UPDATE: See Edge dot org for its consensus document on “The New Science of Morality” complete with dissenters, all smart stuff. More on this later, I feel sure!
*********************
New today but not really news, is it?
“The Super Rich Get Richer, Everyone Else Gets Poorer, and the Democrats Punt”:
“For example, Charles and David Koch, the energy magnates who are pouring vast sums of money into Republican coffers and sponsoring tea partiers all over America, each gained $5.5 billion of wealth over the past year. Each is now worth $21.5 billion.
Wall Street continued to dominate the list; 109 of the richest 400 are in finance or investments.
From another survey we learn that the 25 top hedge-fund managers got an average of $1 billion each, but paid an average of 17 percent in taxes (because so much of their income is considered capital gains, taxed at 15 percent thanks to the Bush tax cuts).
The rest of America got poorer, of course. . .”
Remember homeschooling math whiz dad Rolfe Schmidt?
Just imagine the good jobs that would be created, the innovation we would see, the wealth that would be created if we actually funneled all these banker giveaways into science, the arts, and education.
But no, it is more important to preserve the status quo, preserve income inequality, and do what we can to make debt slaves out of our populace.
Cock of the snook to Rolfe both for his vision last year and for something else new but not news, “Amazing arrogance, gall, chutzpah and unmitigated effrontery”:
Charles Munger, the billionaire vice chairman of Berkshire Hathaway Inc., defended the U.S. financial-company rescues of 2008 and told students that people in economic distress should “suck it in and cope.”
“You should thank God” for bank bailouts, Munger said. . .
“Now, if you talk about bailouts for everybody else, there comes a place where if you just start bailing out all the individuals instead of telling them to adapt, the culture dies.”

OTOH, at least the Dems did let us have Elizabeth Warren as our consumer gladiator. She’s one smart lady and sounds pretty determined. So the super-rich will have to exert a bit of new effort to steal what we’ve got left.
The fact that my DH’s salary is taxed at a much higher rate than our friends in the venture capital & private equity sectors who make double or triple (or more) absolutely infuriates me. I don’t agree with a lot of what the President and the Democrats are trying to do regarding tax policy (since it will hit the upper-middle-class as well as the truly wealthy) but this is one area where I agree with them 100%.
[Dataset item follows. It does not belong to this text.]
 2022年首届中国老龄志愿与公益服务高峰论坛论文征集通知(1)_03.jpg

I’ve had the real-people morality of economic/money policy on my mind a lot, as all us Americans argue over which taxes and profits and business strategies are actually “good for us” — wish I saw it as more important in the debate and the voting. I’m casting about for ways to bring that out, in case that’s not obvious from my recent posts.
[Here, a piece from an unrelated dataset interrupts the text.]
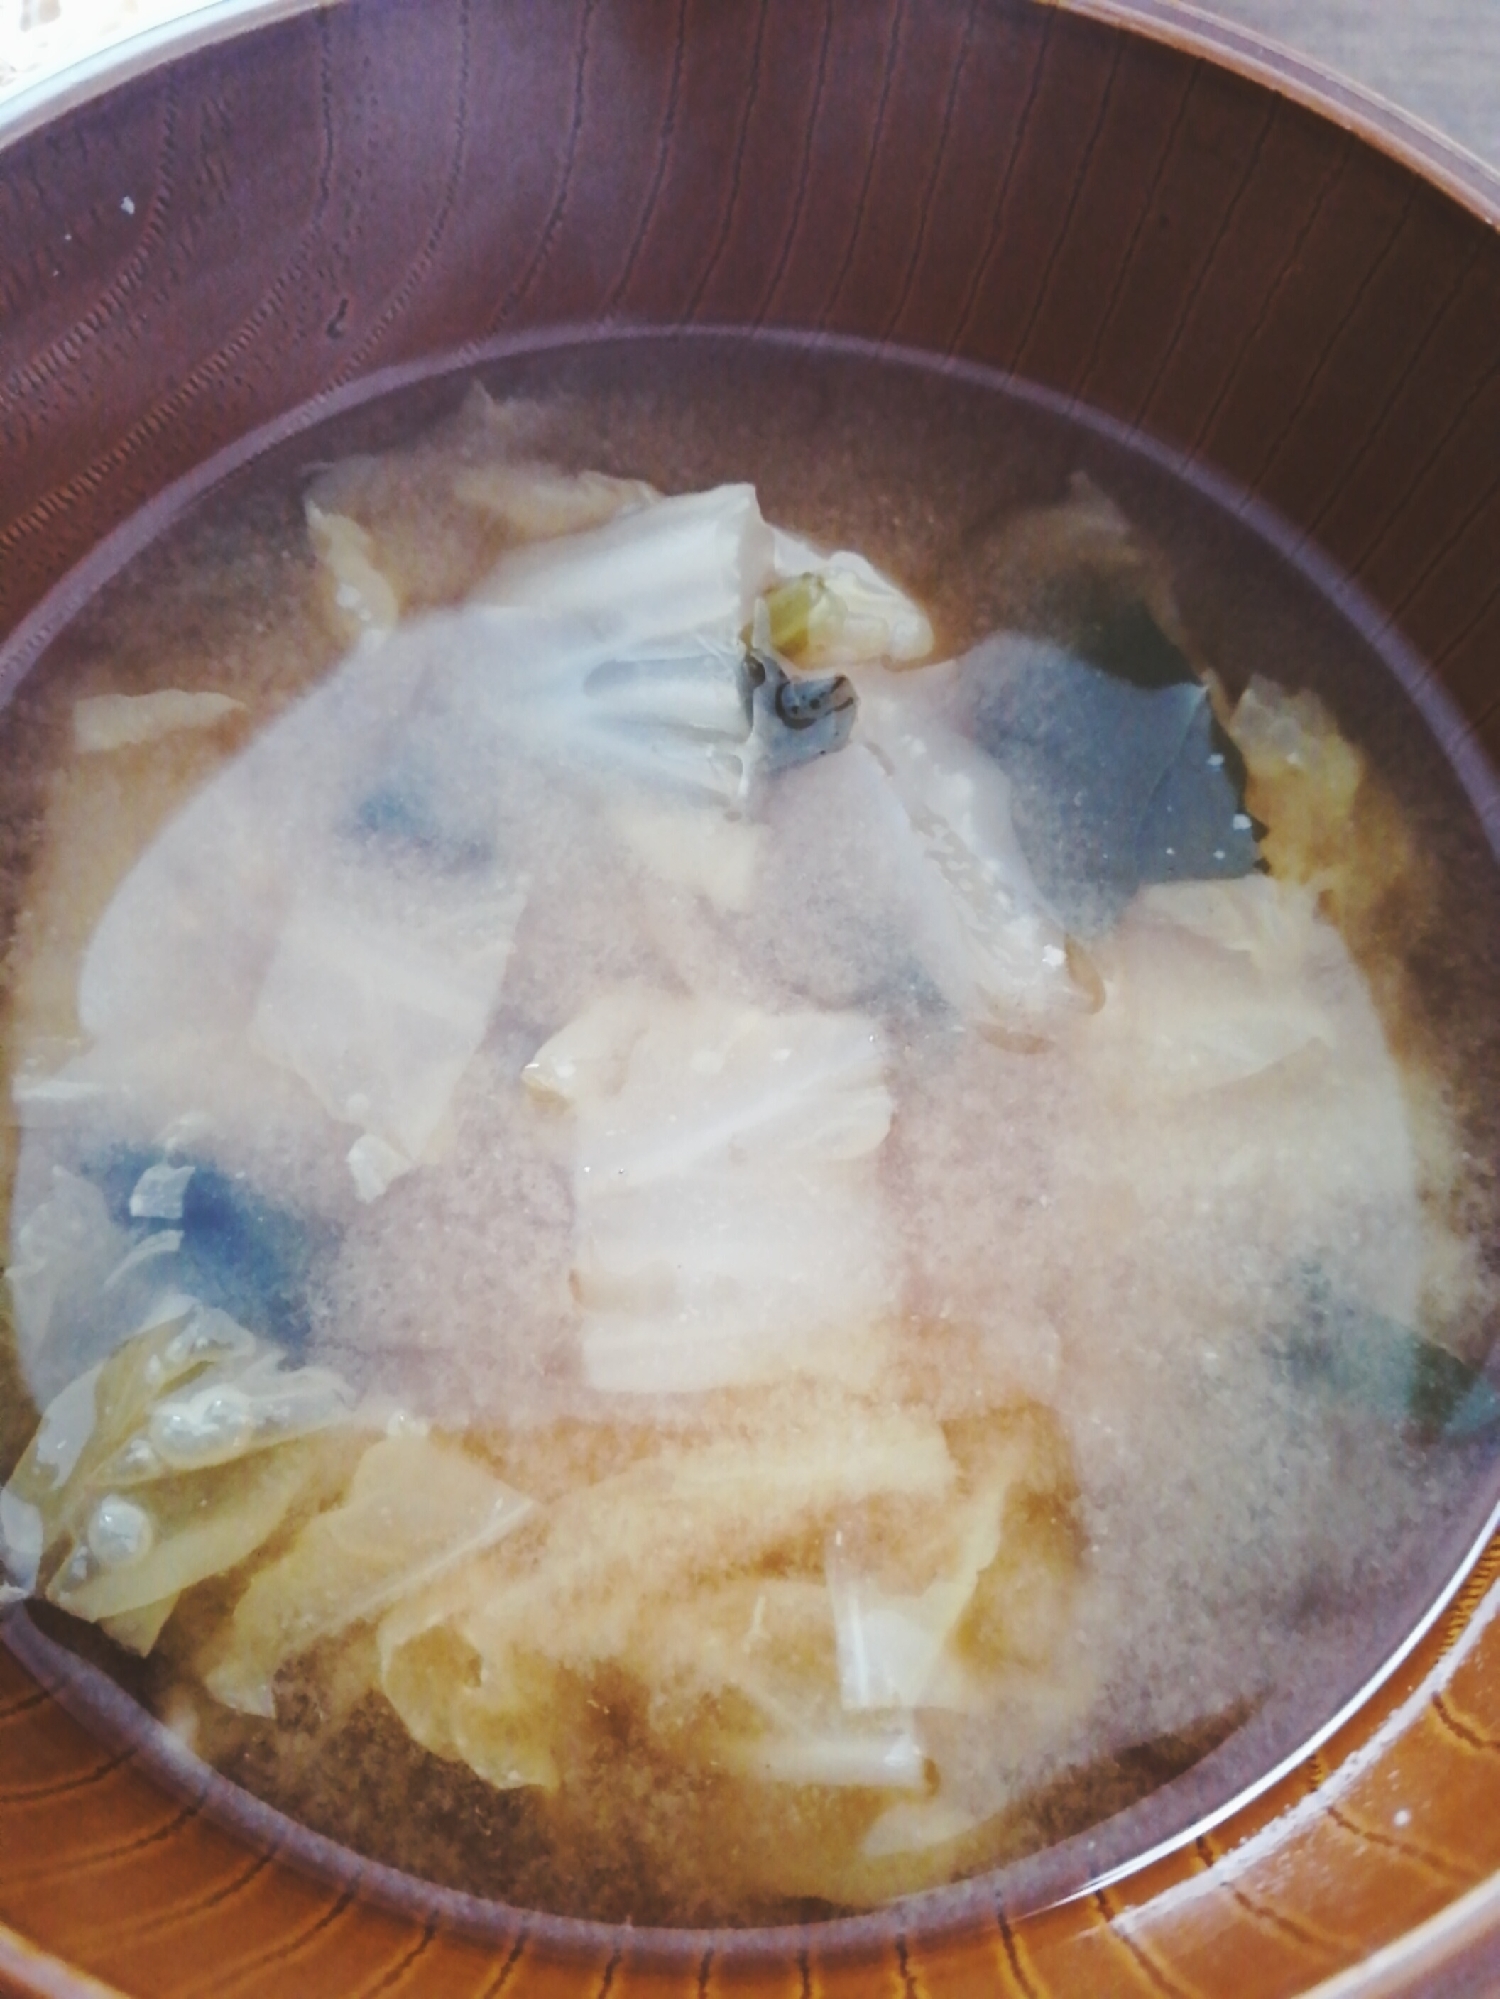 白菜わかめ菊芋の味噌汁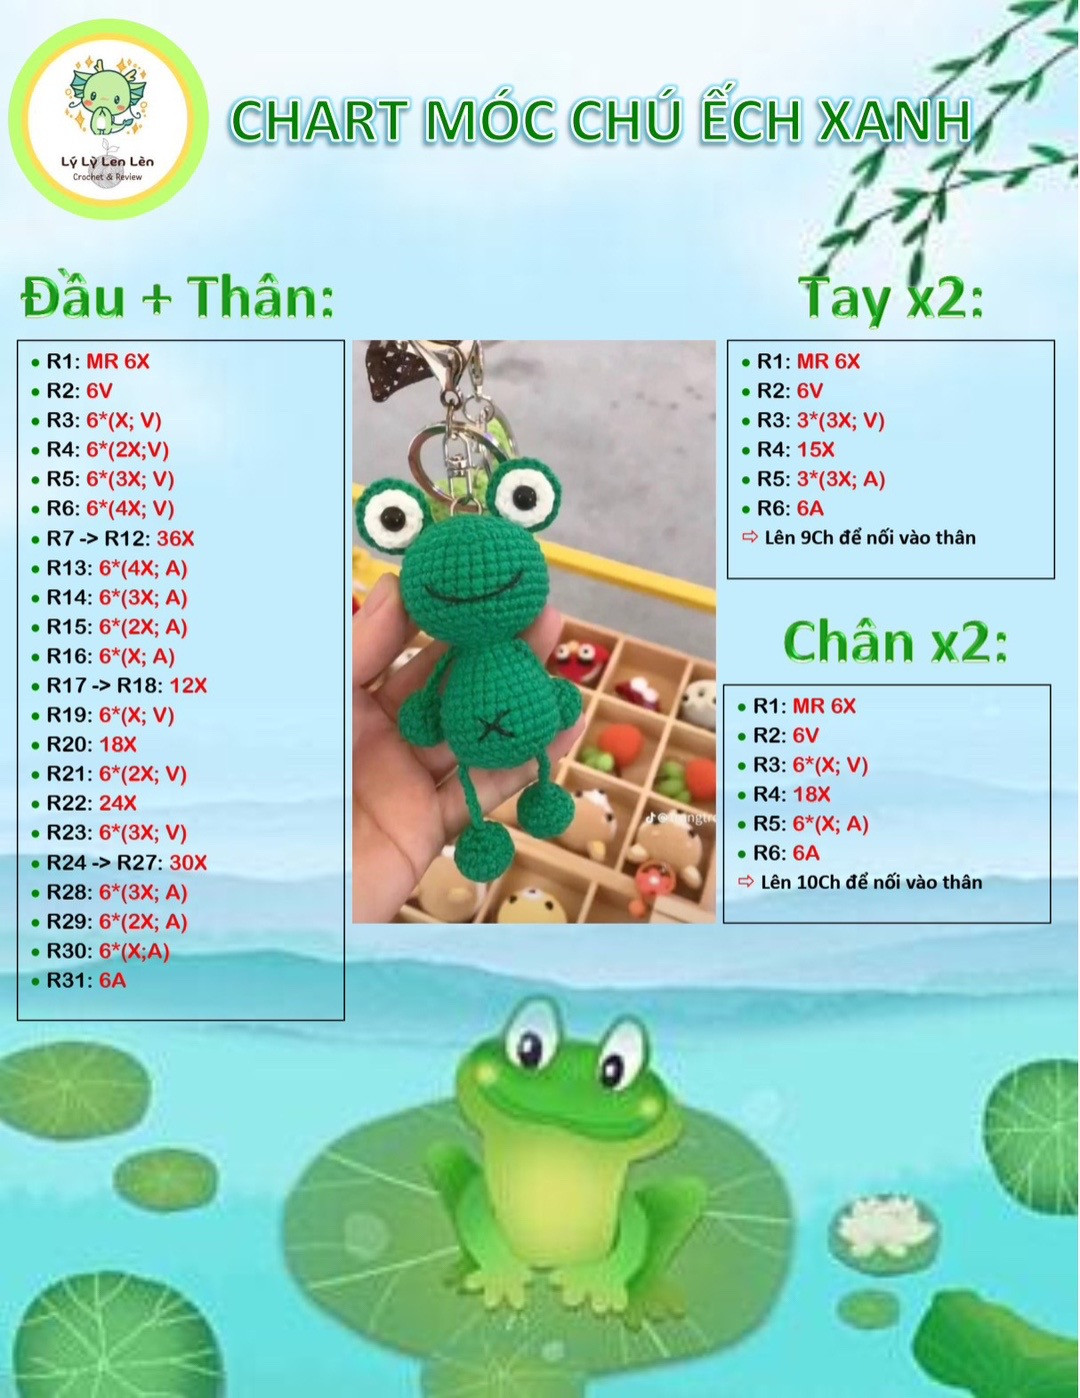 chart móc chú ếch xanh

All the way back to this discussion, at least . . .
So the GOP “Pledge to America” comes out,and I’ve got morality on the mind with every point and every response to every point. As much as politics is about winning, we need to finish the sentence: it’s supposed to be about winning — what? I believe winning the opportunity to do good for (all) the people, to serve on our behalf. The most blatantly immoral politics is self-enriching while plotting no-good for others.
Some modestly moral reforms to health care are kicking in. The cable news “Education Nation” week starts tomorrow with Brian Williams hosting a two-hour town hall, as the film “Waiting for Superman” exposes tragic, shameful immorality to real children in education policy. A 26-year-old billionaire hardly anyone knows, goes on another billionaire’s tv showcase (someone EVERYONE knows) to announce he’s giving the New Jersey public schools a hundred million dollars to do things his way.
(Oprah like many successful business leaders these days,cut out the government-of-the-people altogether, just gave up on American education and took her money out of America where she could be both benefactor and live-in benevolent dictator in her own created world, like Walt Disney, without any pesky public rules or regulation to respect.)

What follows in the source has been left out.